Given this fasta header as an example, ">WP_024130427.1 [50S ribosomal protein L16]-arginine 3-hydroxylase [Citrobacter koseri]", my goal is to extract accession number, protein annotation, and organism name separately.
Right now, I am able to extract the accession number >WP_024130427.1 and "[50S ribosomal protein L16]-arginine 3-hydroxylase [Citrobacter koseri]".
I have problems separating the remaining two parts: protein annotation ([50S ribosomal protein L16]-arginine 3-hydroxylase), organism name ("Citrobacter koseri").
The main issue is about square brackets. For this example, it is easy to tokenize the parts. However, given the various style of using square brackets, e.g. (so many variations to consider and below is not comprehensive and I am able to extract from the content below. Still my tokenization doesn't work for all the sequences.),
- >WP_011200935.1 cysteine synthase A [[Mannheimia] succiniciproducens]
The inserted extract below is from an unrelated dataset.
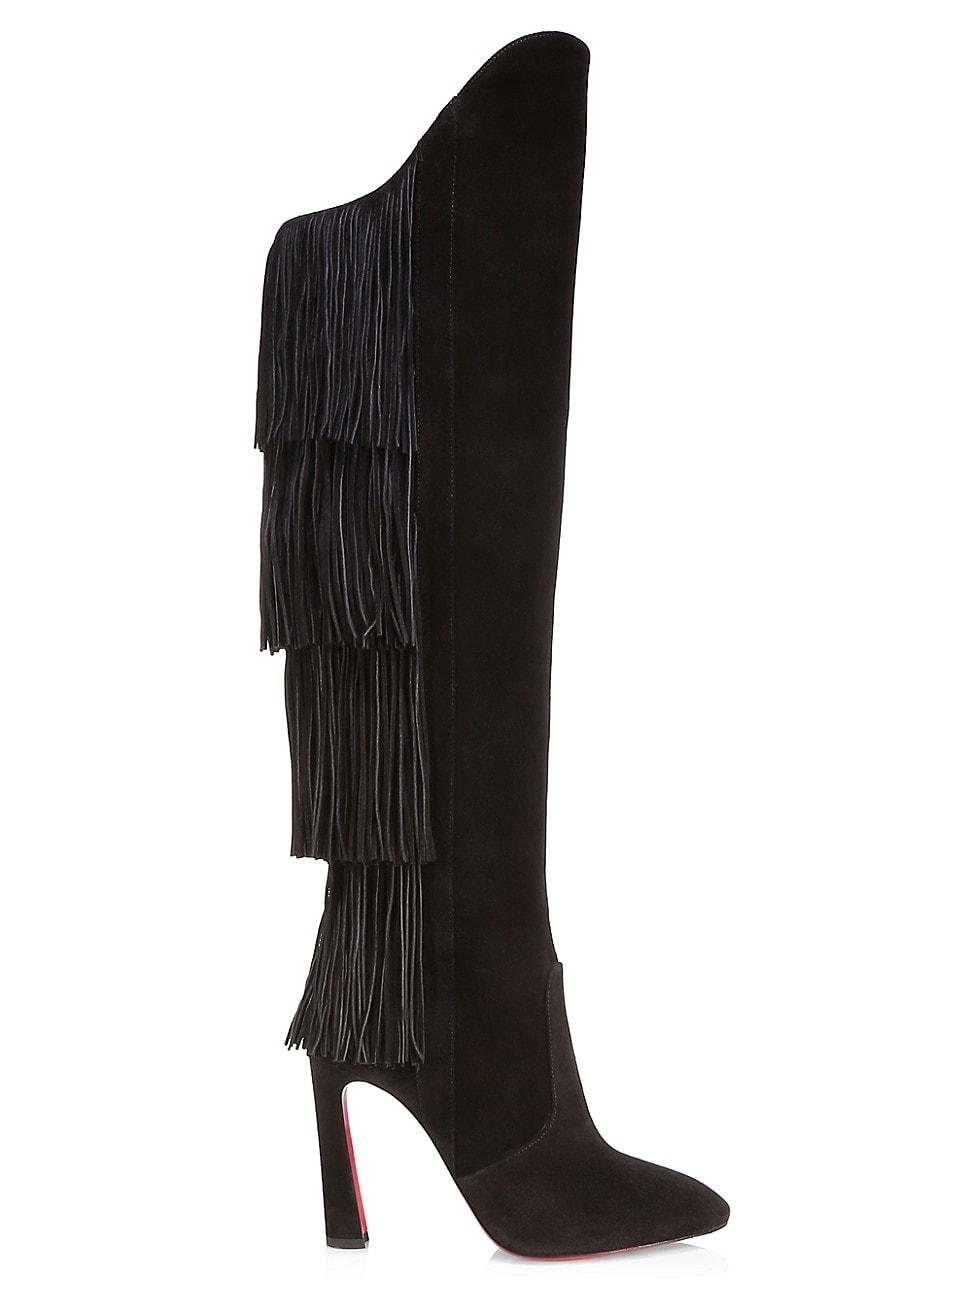 Christian Louboutin Lionne Tall Fringe Suede Boots in Black - Lyst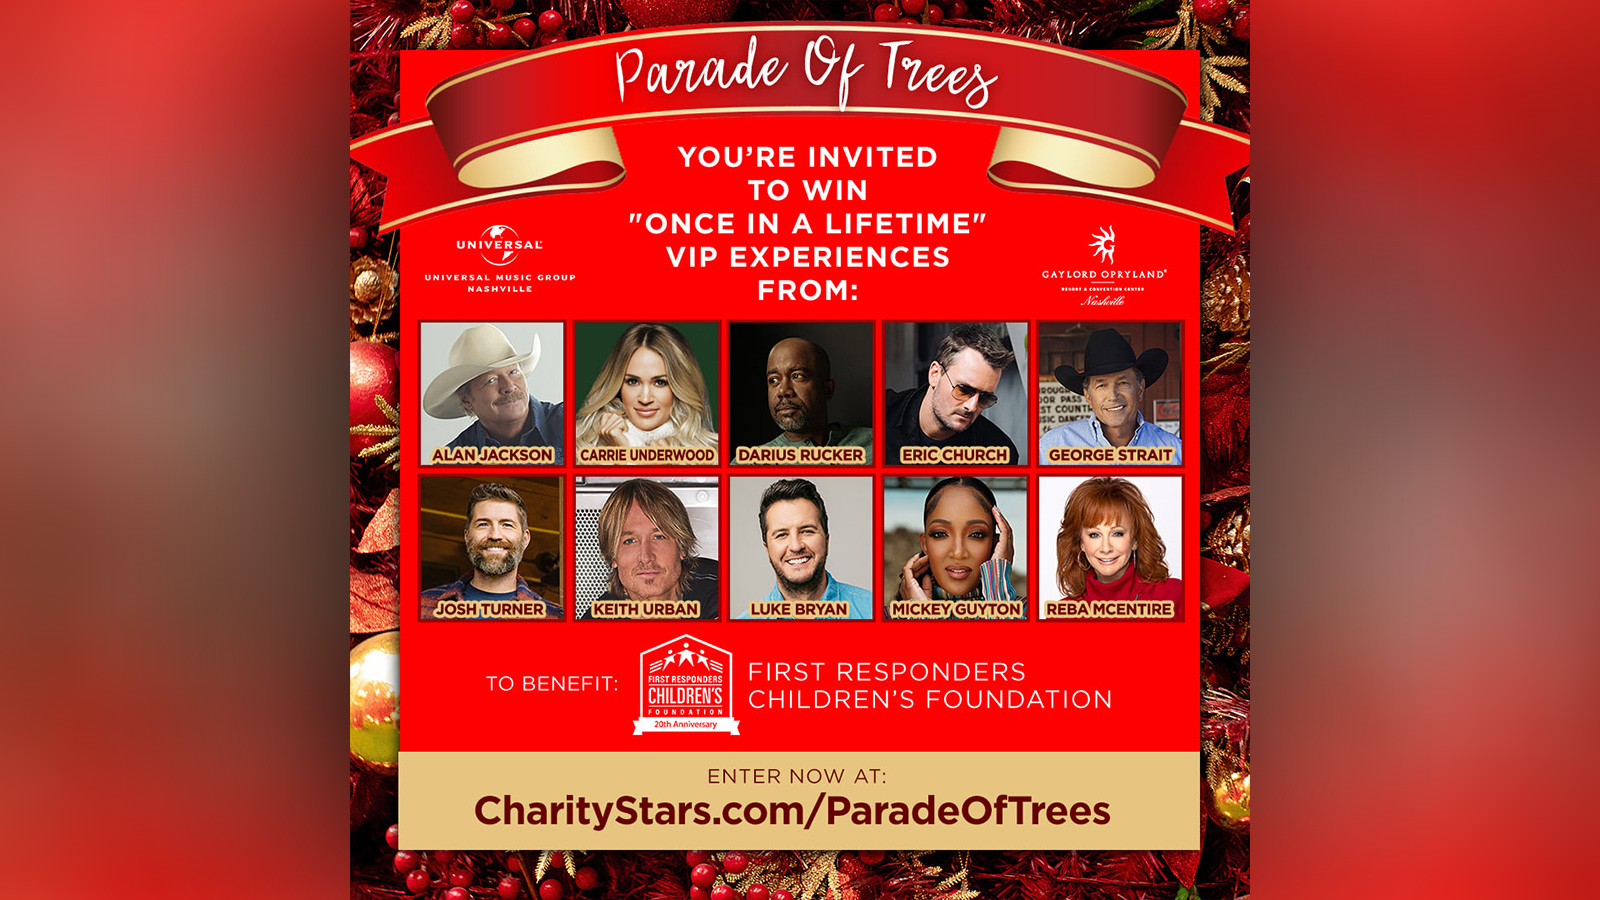 Universal Music Group Nashville hosts Parade of Trees display to benefit First Responders Children’s Foundation

- >WP_024130427.1 [50S ribosomal protein L16]-arginine 3-hydroxylase [Citrobacter koseri]
- >WP_011742684.1 [FeFe] hydrogenase H-cluster radical SAM maturase HydG [Caldanaerobacter subterraneus]
Is there a better way to extract the annotation and organism names respectively given the unpredictable usage of the square brackets?
Right now, the only way I can think of is to go backward from the ending of the string instead of using the pattern. Ensure numbers of ] and [ match. This method will work but I am wondering if there will be better ways.